Methods: One hundred and eighty-five patients with pneumonia and 52 healthy controls were enrolled. Serum MMP3, neutrophil gelatinase-associated lipocalin (NGAL), interleukin 6 (IL-6), procalcitonin (PCT), and C-reactive protein (CRP) concentrations were measured at admission. The patients were followed up for 90 days.
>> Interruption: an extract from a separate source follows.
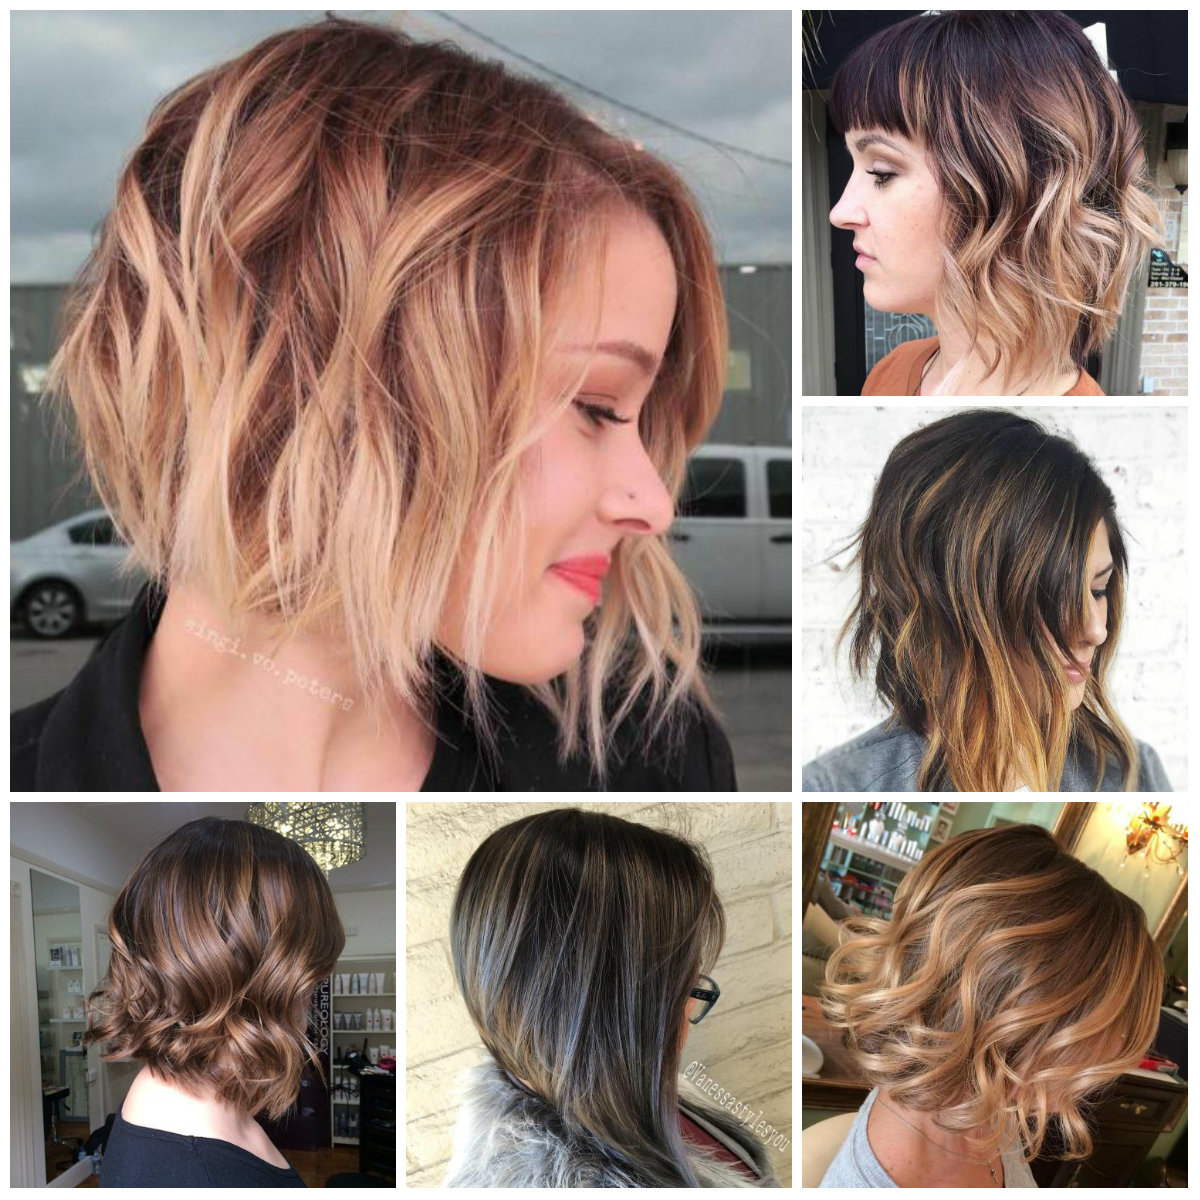 cute short hairstyles and color for fall 2018
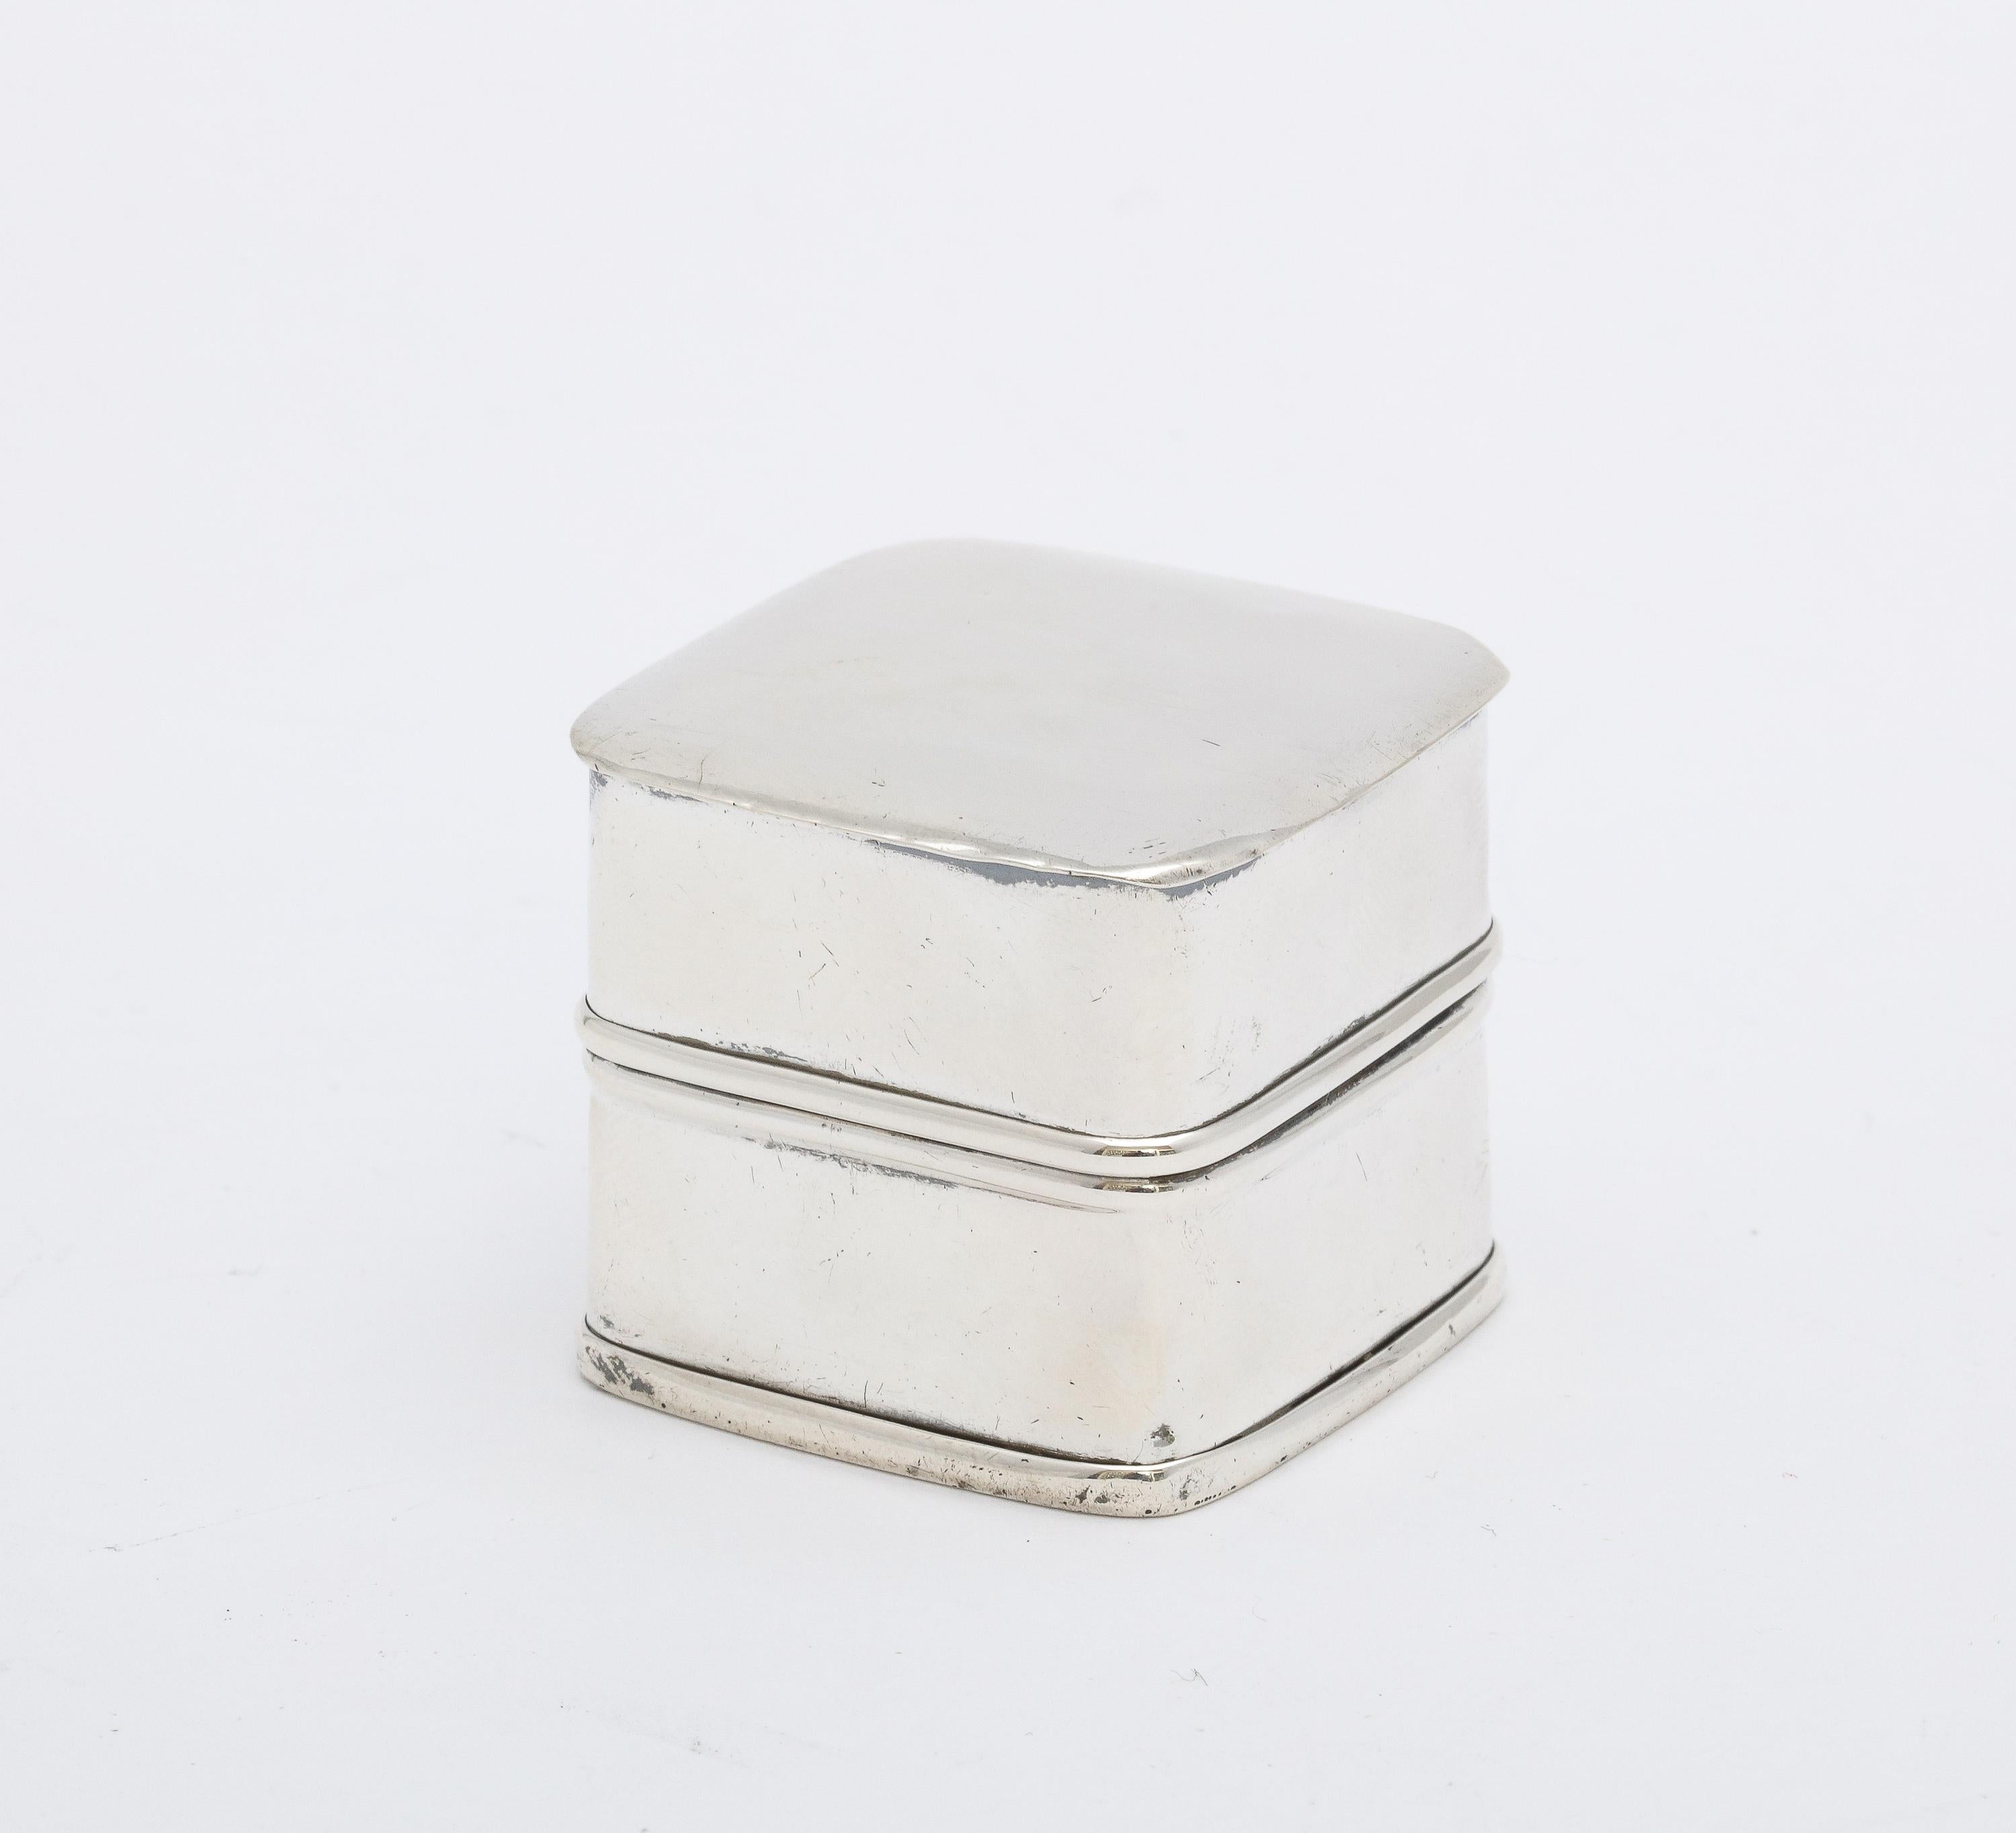 Edwardian Period, sterling silver ring box with hinged lid, J.E. Ellis and Company, Toronto, Canada. Ca. 1900. Tight closure. Lined with off-white fabric which has some minor staining (see photos) which is commensurate with age and use. There are

Results: Compared with healthy controls, the concentrations of MMP3, NGAL, and IL-6 at admission were significantly higher in patients with pneumonia (p < 0.05). The median concentrations of MMP3, NGAL, and IL-6 were significantly higher in the patients with severe pneumonia than the group of non-severe pneumonia (p < 0.05). Compared with PCT (AUC = 0.778), CRP (AUC = 0.719), and IL-6 (AUC = 0.726), MMP3 (AUC = 0.846) and NGAL (AUC = 0.826) had significantly higher AUC values for distinguishing the severity of pneumonia. The ROC of the combination of MMP3, neutrophil to lymphocyte ratio (NLR), and D-dimer showed the best performance of predicting pneumonia severity, which gave an AUC of 0.956. The AUC of MMP3 (0.950) for predicting mortality was highest, followed by NLR (AUC = 0.945), D-dimer (AUC = 0.938), and NGAL (AUC = 0.913). Multivariable logistic regression analysis showed MMP3, D-dimer, and NLR were the independent predictors of hospital mortality in patients with pneumonia. Patients with MMP3 concentration > 124.3 ng/mL had a significantly higher risk of mortality (p < 0.05).
Conclusions: MMP3 is a valuable biomarker in assessment of the severity and prediction of mortality in patients with pneumonia.